▶ [WHAT YOU WILL DO]
Once the images are set aside, output the listing exactly as it stands.

▶ [AVAILABLE DATA]

━━━

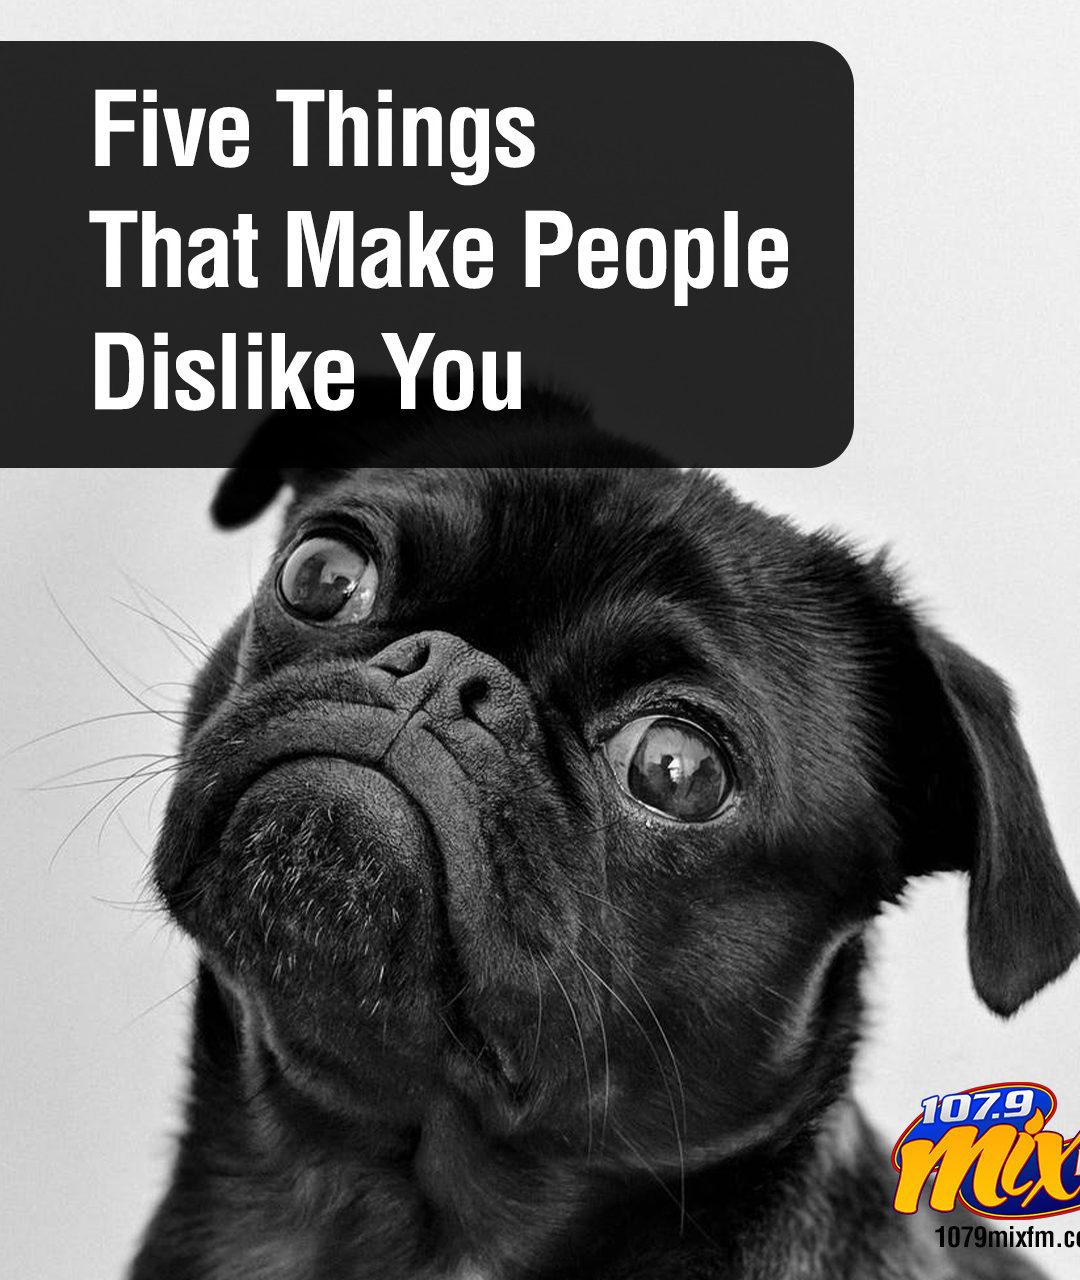 Five Things That Make People Dislike You
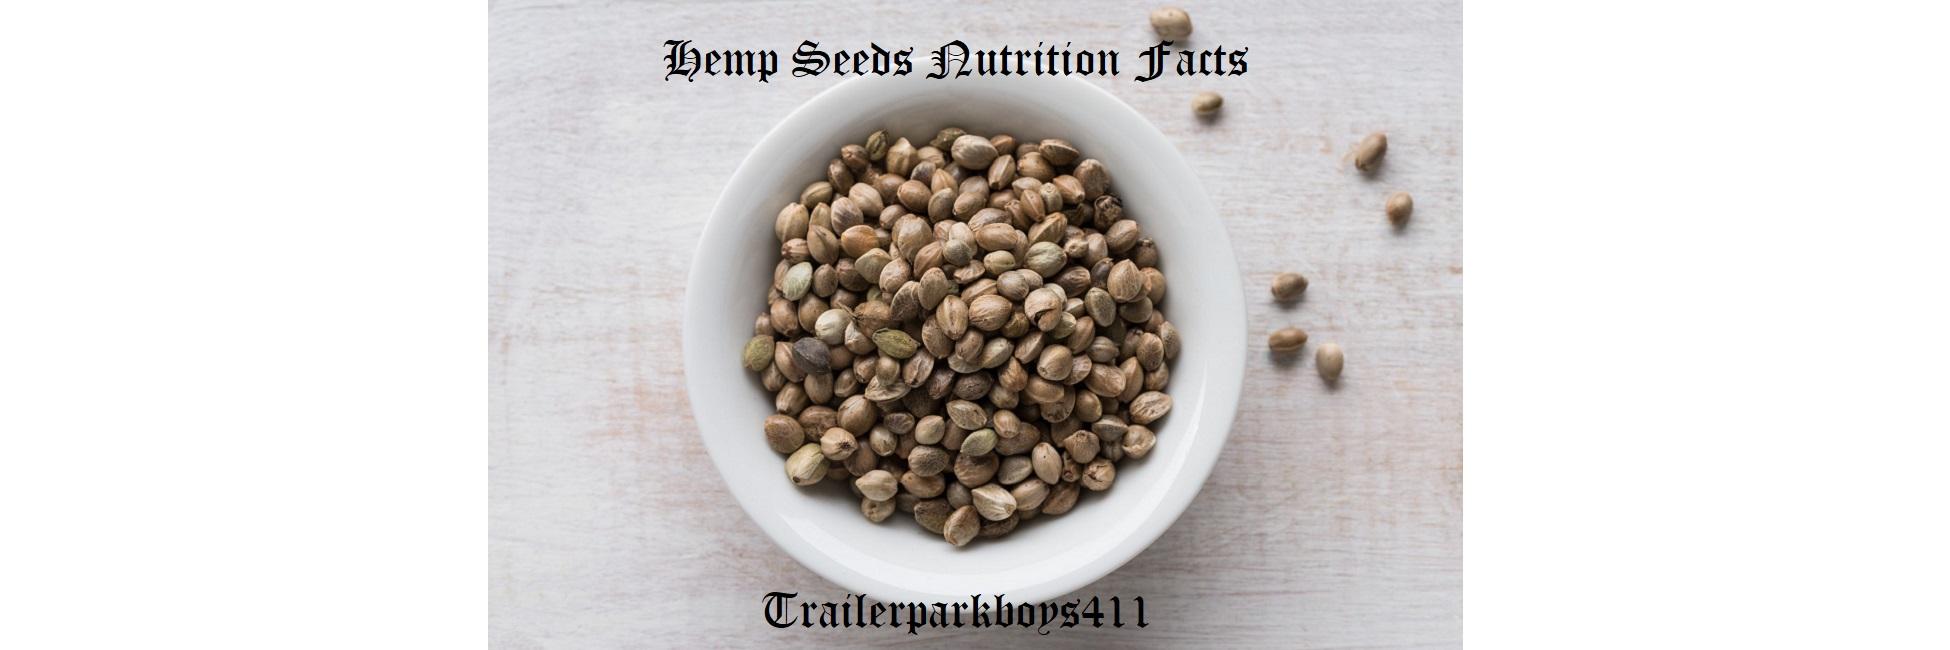 Hemp Seeds Nutrition Facts
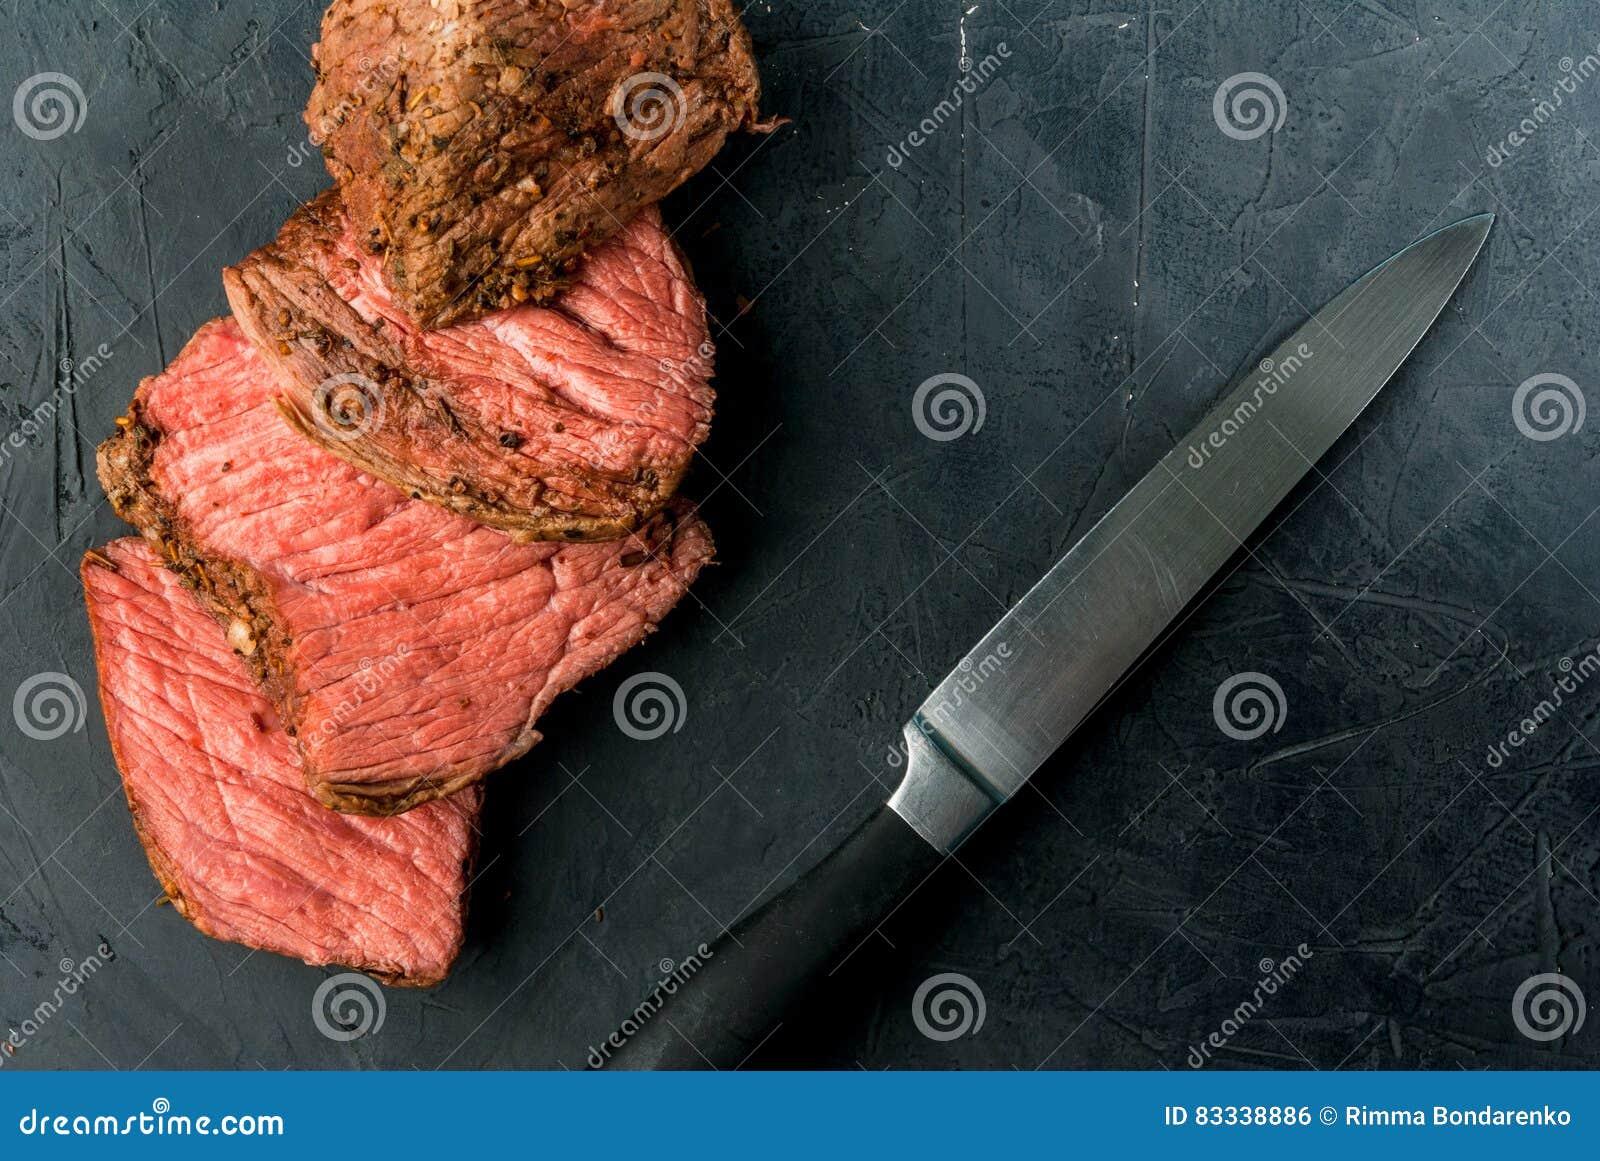 Sous -sous-vide rundvleeslapje vlees

━━━

▶ [EXERCISE SOLUTION]
 Five Things That Make People Dislike You
 Hemp Seeds Nutrition Facts
 Sous -sous-vide rundvleeslapje vlees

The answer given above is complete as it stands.